A DAY OF VIOLENCE (2010)


 
Mitchell: Nick Rendel
Hopper: Giovanni Lombardo Radice
Chisel: Christopher Fosh
Curtis Boswell: Victor D. Thorn
Giallo Films Presents A Film Directed By: Darren Ward
Written By: Darren Ward, Chris Barfoot
91 minutes
Not Rated
 
Having excessively gruesome violence is an easy method to make your low-budget genre flick stand out in a crowded field, so it’s no wonder that MVD, U.S. distributor of A DAY OF VIOLENCE have made the films’ bloody qualities front and center.
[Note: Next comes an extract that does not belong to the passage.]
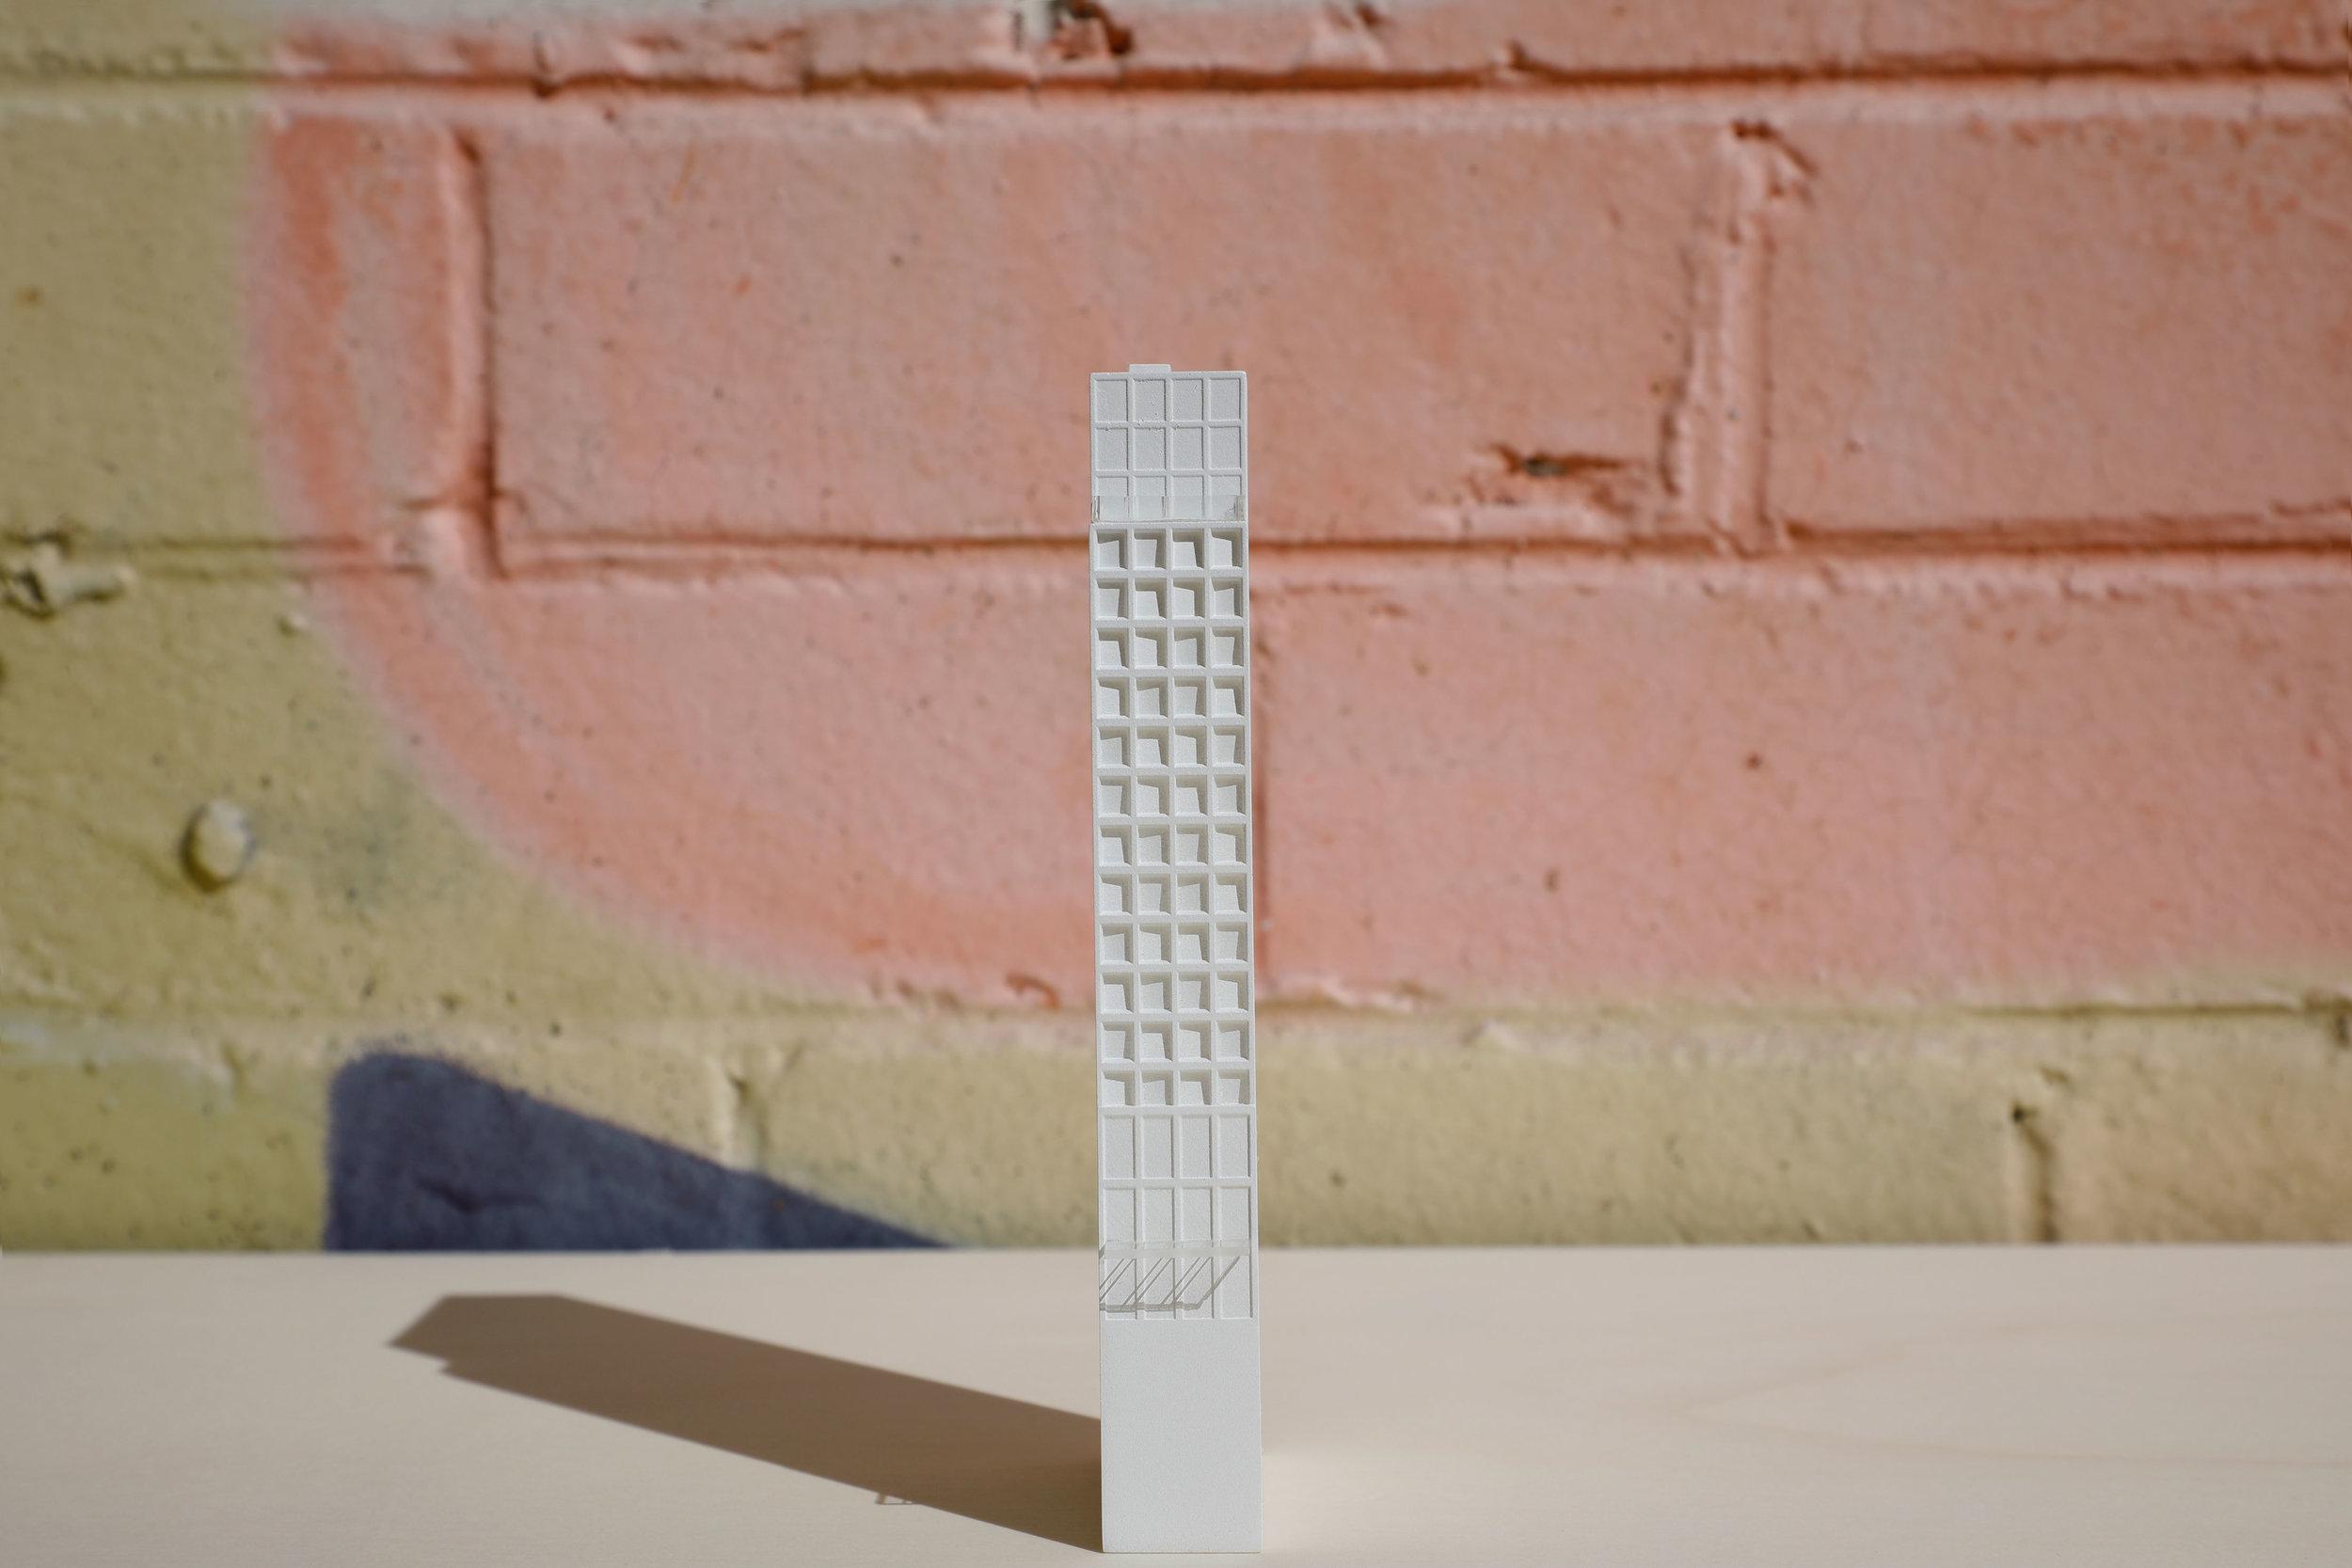 DA_Architecture_sydney_COS_3Dprinting_make_models_13.jpg

Between the festival notices on the sides, there’s the blood-drenched body of the lead, coupled with several quotes about how “relentless” and “sickening” it is, sure to lure in gore fans who would ordinarily pass up Darren Ward’s British gangster pic, a follow-up to his similarly-brutal SUDDEN FURY just now finding a stateside release.
 
The trouble with this approach is that it doesn’t matter how graphic the violence is if the film itself is technically inept or the characters on screen aren’t interesting to watch. A DAY OF VIOLENCE has no problem on the former – Ward shows that he knows how to craft a film though editing and a consistently grimy look helps overcome the low-budget origins. The latter is a tougher sell, as A DAY OF VIOLENCE is filled with unsympathetic characters that serve little purpose other than escalating the bloodshed.
 

 
Nick Rendall stars as Mitchell, a debt collector working for a stereotypical mob boss, and we know his fate from early on in the film as we see his naked, lifeless corpse on a coroner’s slab narrating how he ended up there via voice-over. The film then cuts back six months to the time when he discovers 100,000 in cash (presumably in pounds, though the film never specifies) while ransacking the house of collectee on a standard outing, so he offs the creep and takes the cash. Little does he realize that the cash belongs to the mob boss for whom he’s about to be employed, and that his victim has managed to record the theft thanks to his camera phone.

 

 

The first half of the film is solid period of genuinely tense interplay between Mitchell and the mob, wherein our antihero attempts to act as casually as possible until his accidental betrayal is revealed. The highlight of this is an excruciatingly explicit castration sequence involving a friend of Mitchell’s, making you realize that the casting of CANNIBAL FEROX’s Giovanni Lombardo Radice was no coincidence. Ward does a fine job wringing suspense from the set-up, and Rendall makes a believably nervous lead.
 
Unfortunately, as good of a performance as Rendall gives, everything goes downhill in the second half after the mob boss figures things out and it becomes a straightforward man-on-the-run flick. We’re asked to sympathize with Mitchell, but he’s not a sympathetic figure no matter how much the film tries to give us reasons to think he’s just doing this in order to pay for his daughter’s live-saving operation. He’s still just a twitchy guy who got in with the mob and makes no bones about killing anyone in his way, regardless of if they’re involved or not, and while this can be fun to watch in the right context (see Jason Statham in, well, anything, basically), A DAY OF VIOLENCE isn’t a strong enough film to make a steady stream of bloodletting engaging on its’ own. There’s not even much in the way of a charismatic head villain — the bad guys are an interchangeable bunch of stooges that may as well have been played by stock hoods from a late-‘80s side-scrolling beat-‘em-up, and the boss (Victor D. Thorn) gets to spit some attitude but little more between the unremarkable dialogue.
 
Those just looking for blood, however, will find A DAY OF VIOLENCE to be filled with the stuff – there’s plenty of torture, gunfire and arterial sprays to justify every word extoling the film’s graphic nature on the box cover, and it even has the decency to start with a fairly explicit sex scene just for the sake of pleasing the flesh hunters as well. It’s a shame that it doesn’t offer much more than that, as it gives the idea that Darren Ward could churn out a really impressive piece of grindhouse cinema if he’d work as much on the script as he does on the carnage.